在这一背景下,对非国家工作人员行贿罪的辩护空间,尤其是“被追诉前主动交代”这一法定从宽情节的认定,成为企业高管及其辩护律师必须精准把握的核心问题。本文将聚焦对非国家工作人员行贿罪,从实务视角深度解析“被追诉前主动交代”的认定规则,并系统梳理配套的量刑辩护体系,为企业高管提供应对商业贿赂刑事风险的实务指引。

一、“被追诉前”的认定:刑事立案前

《刑法》第一百六十四条第四款规定,对非国家工作人员行贿罪的行贿人在被追诉前主动交代行贿行为的,可以减轻处罚或者免除处罚。

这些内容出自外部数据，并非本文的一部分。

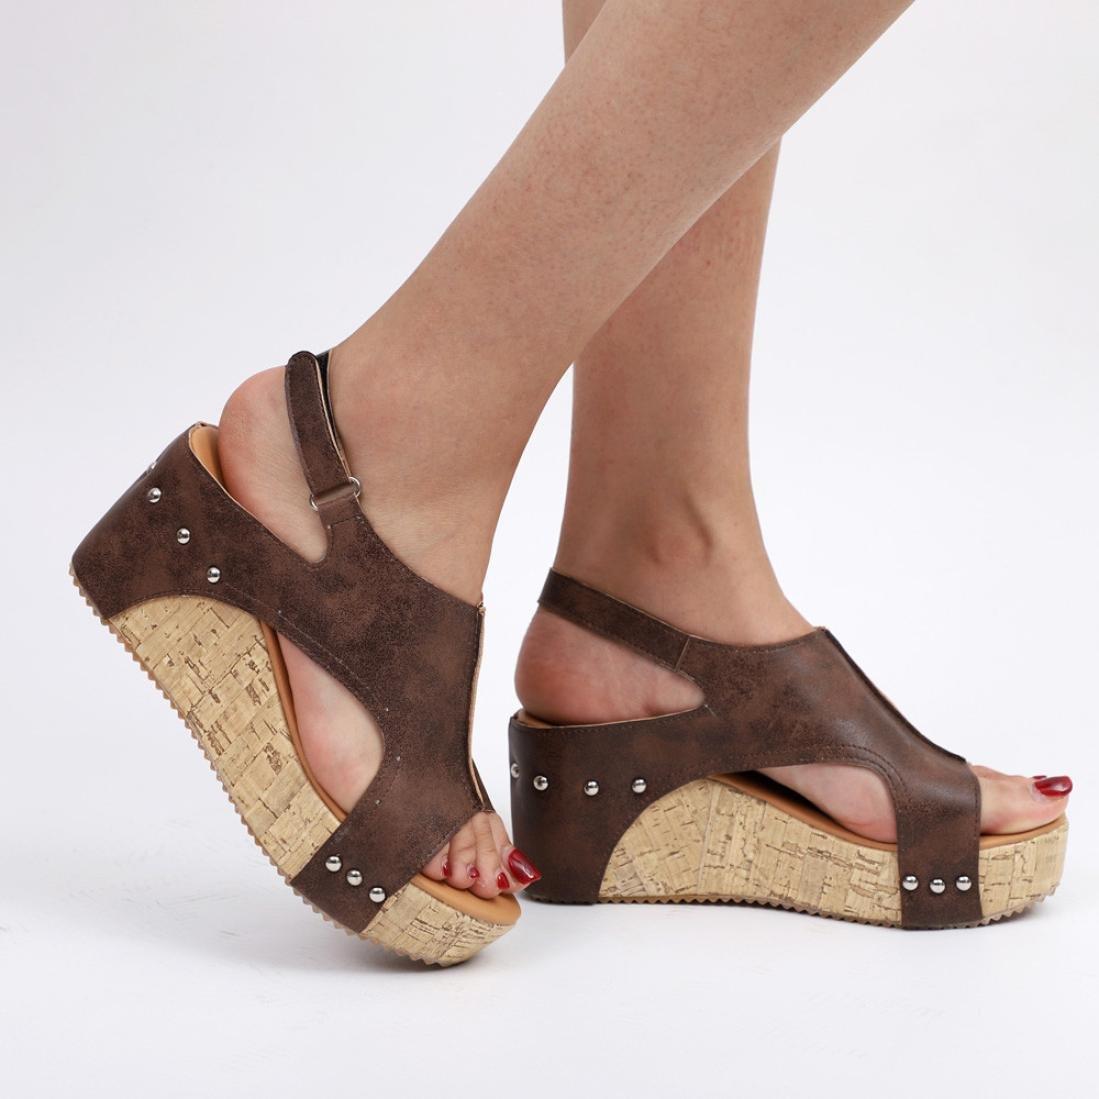 BBSLT Tête Pointue Des Sandales Femme Summer Petite Bouche Talons Hauts 10  Cm Ceinture Paquet Des Chaussures De Femme Trente Quatre Argenté 26 EU  Doublure ... 9ecc656d6b4
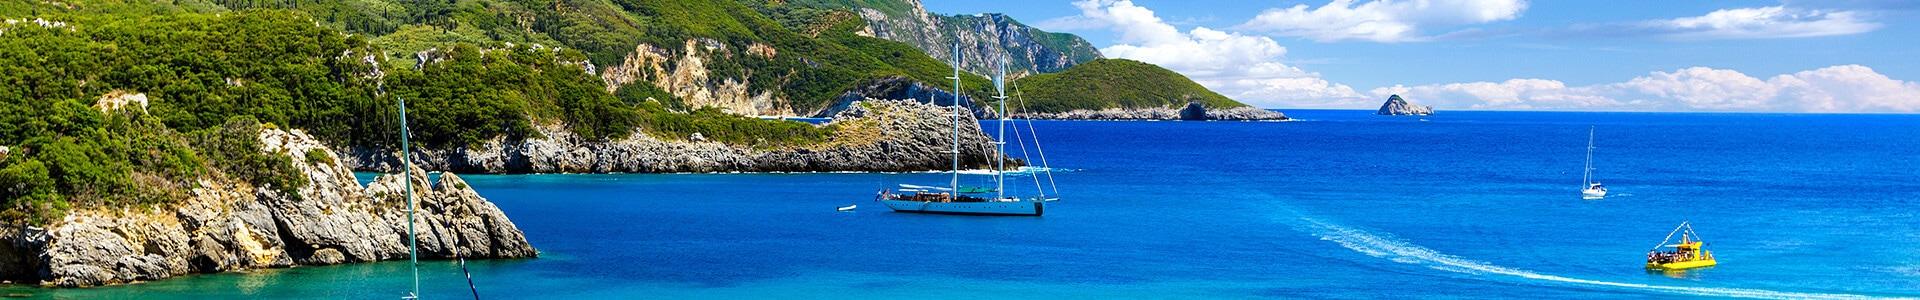 Voyage Corfou - TUI

这是刑法分则中对行贿类犯罪的特殊从宽规定,准确认定“被追诉前主动交代”,是行贿人争取不起诉或免予刑事处罚的“重磅利器”。

(一)以刑事立案作为追诉起点

《刑事诉讼法》第一百零九条规定,公安机关或者人民检察院发现犯罪事实或者犯罪嫌疑人,应当按照管辖范围,立案侦查。因此,立案侦查是办案机关进行刑事追诉活动的正式起点。在此之前,无论行为人以何种身份接受调查,均尚未进入“被追诉”状态。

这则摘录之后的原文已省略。